2008-07-21 02:14:09

by Michel Lespinasse

[permalink] [raw]
Subject: Re: NFS hangs with 2.6.25/2.6.26 despite server being reachable

On Thu, Jul 17, 2008 at 11:04:05PM -0700, Michel Lespinasse wrote:
> On Wed, Jul 16, 2008 at 03:15:53PM -0400, J. Bruce Fields wrote:
> > On Tue, Jul 15, 2008 at 10:40:53PM -0700, Michel Lespinasse wrote:
> > > I'm getting frequent NFS hangs when running 2.6.25 or 2.6.26 on my
> > > NFS clients, while 2.6.24 seems to work fine.
> > > [...]
> > > Any ideas about what might be going wrong and/or what additional
> > > information I should try to collect about the hangs ?
> >
> > A sysrq-T trace showing where the clients were hung might help. (So,
> > "echo T >/proc/sysrq-trigger", then look at the logs.)
> Thanks for the reply. I'm now running with sysrq enabled.
> Have not captured the failure yet, but then again it's been only one night.
> I prefer to go with 2.6.25 instead of 2.6.26 because 2.6.25 generally
> recovers from the failure after a few minutes - so there is a higher chance
> that I'll actually get something useful logged.

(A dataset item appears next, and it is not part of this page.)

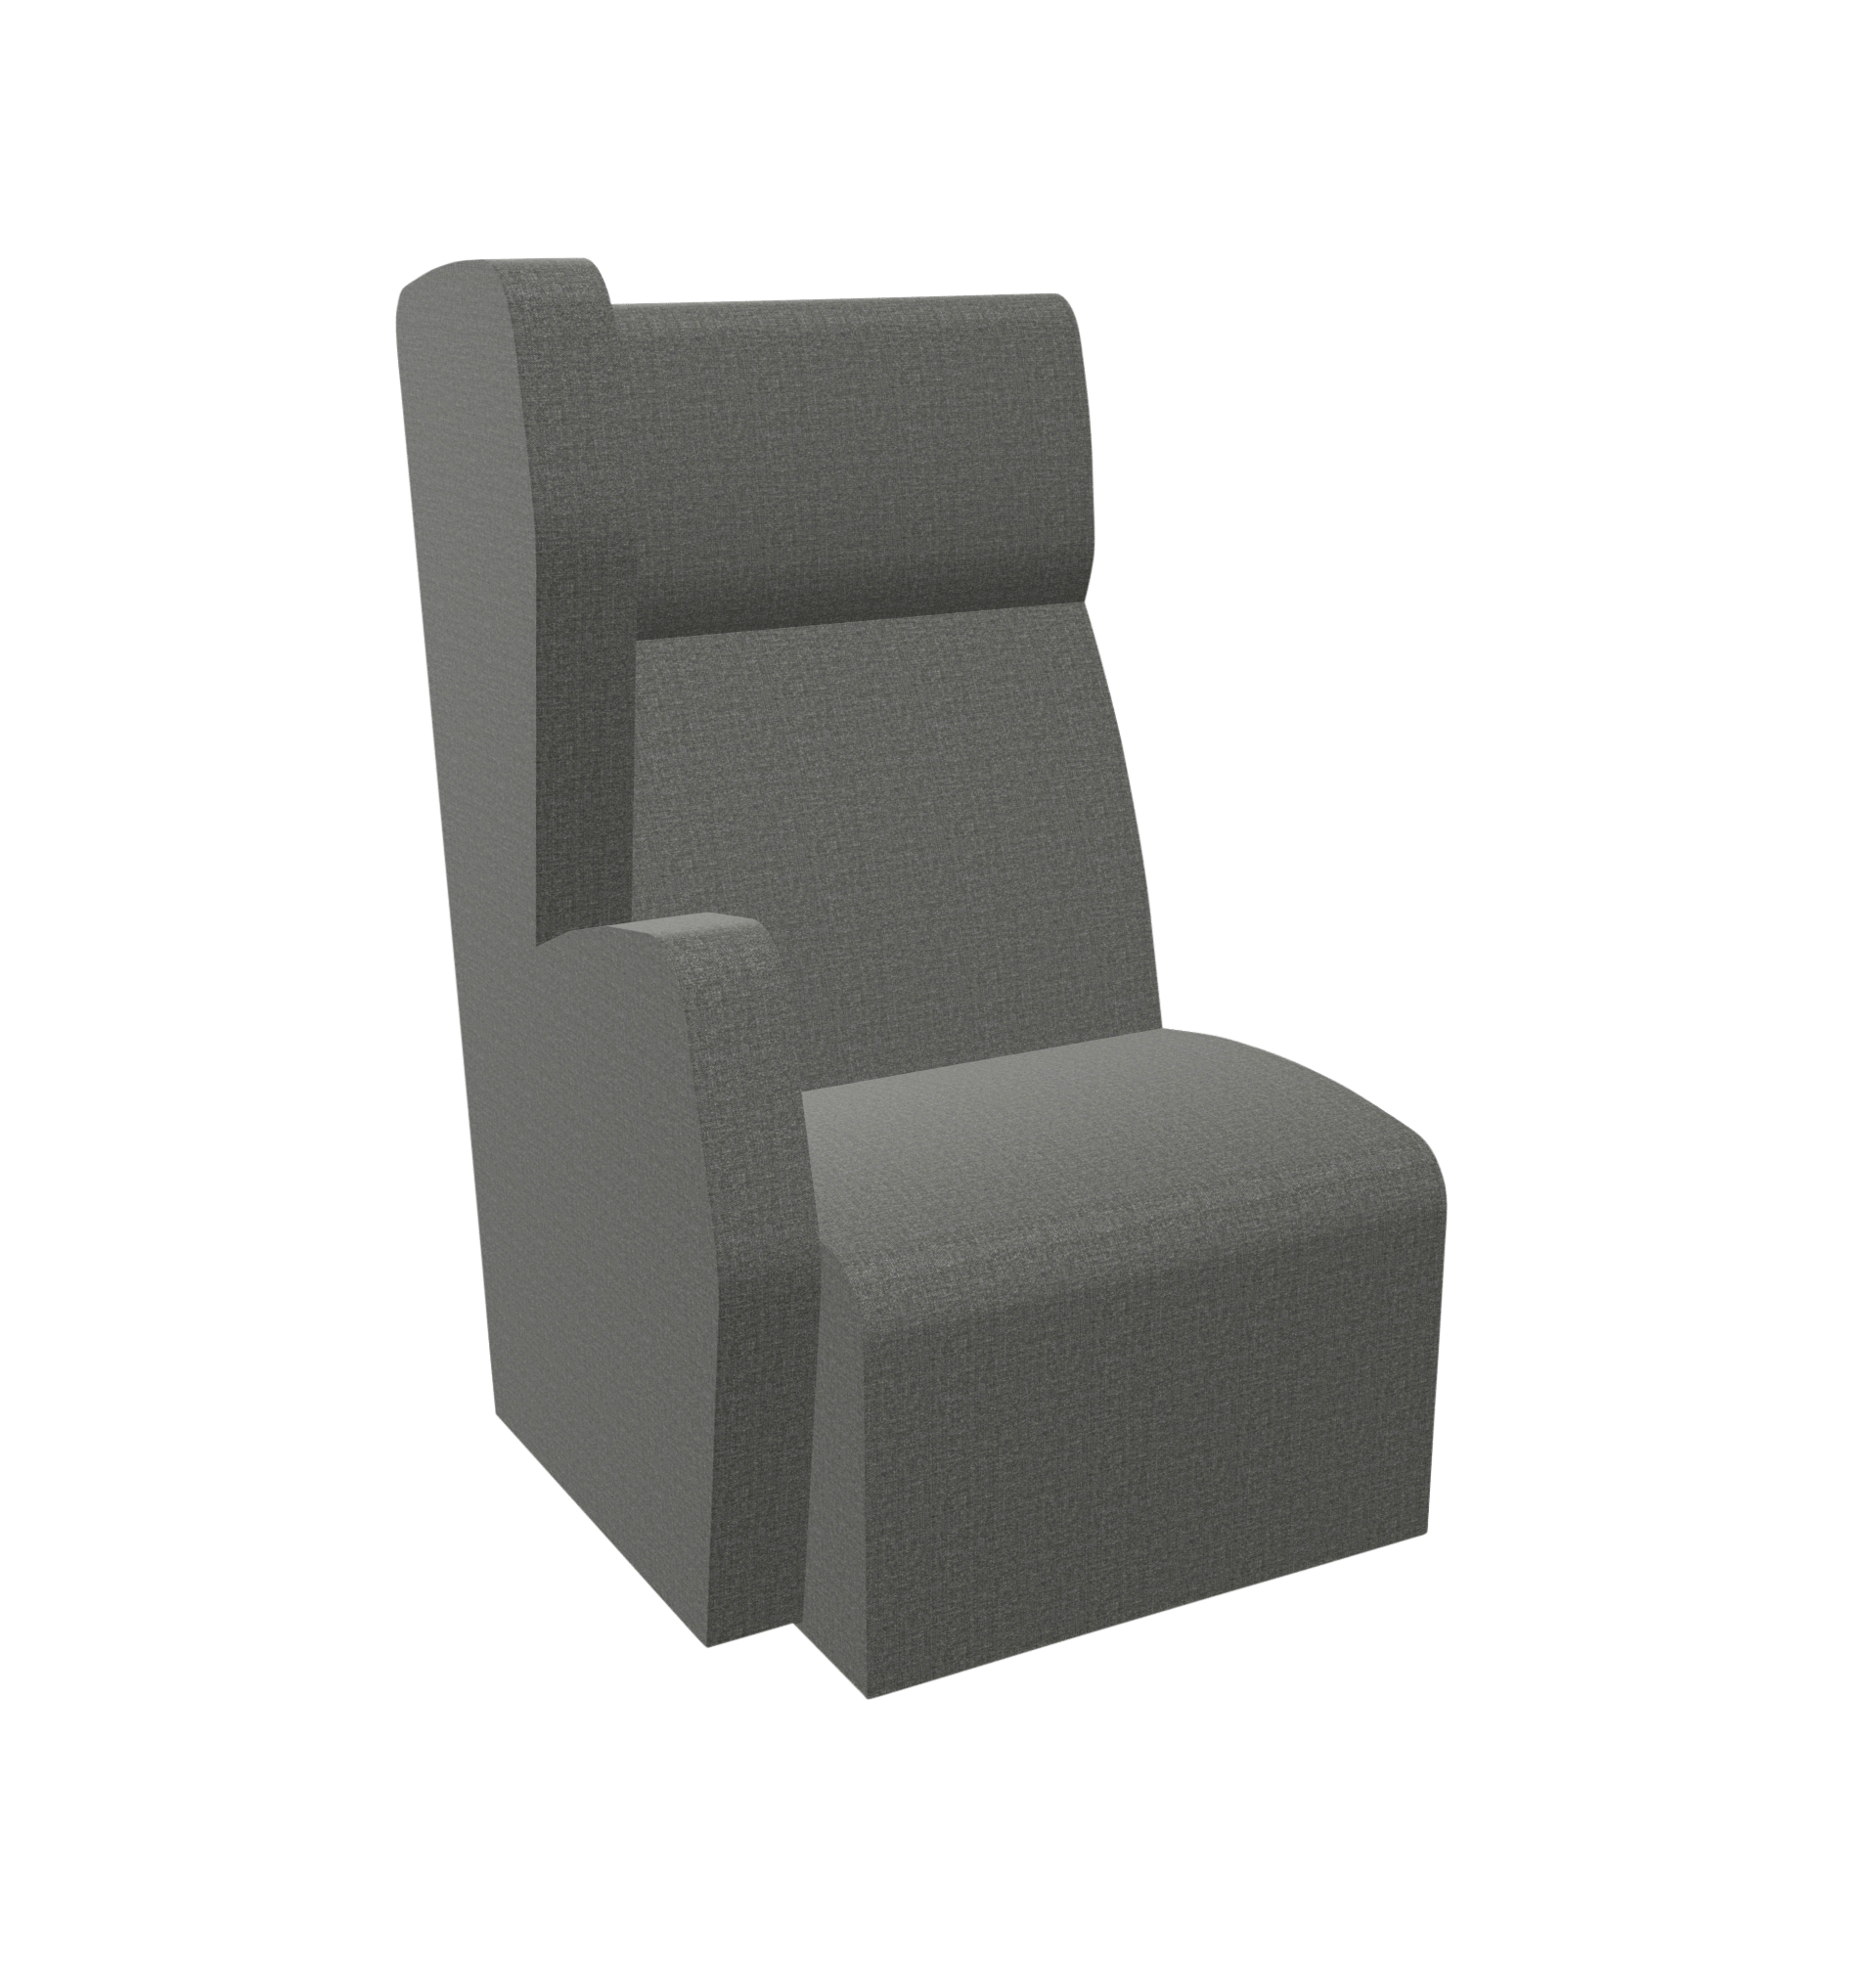 modular seating end section

It took me a while, as for some reason I could not get things to fail
this week (It's probably that I don't know all the factors that trigger
the NFS hangs, yet). Then today I got two NFS hangs in a row, running
kernel version on my K7 based client.

In both cases I captured information using alt-sysreq-t, the system
hung there for a few minutes, I double checked that the machine was
pingable from the server, and I got the dumps out of kern.log after
the machine recovered. The logs are incomplete, given that syslog
could not run well with the rootfs hung. I'm not sure if a larger
dmesg buffer would help ? Anyway, please get the logs from


In both cases I see a lot of nfs_wait_schedule, wait_on_bit_lock,
nfs_revalidate_inode, nfs_check_verifier. Not sure if that's expected,
but that's what I get, and the machine is pingable from the server side.

Hope this helps. Let me know if you want me to try something else.

Michel "Walken" Lespinasse
A program is never fully debugged until the last user dies.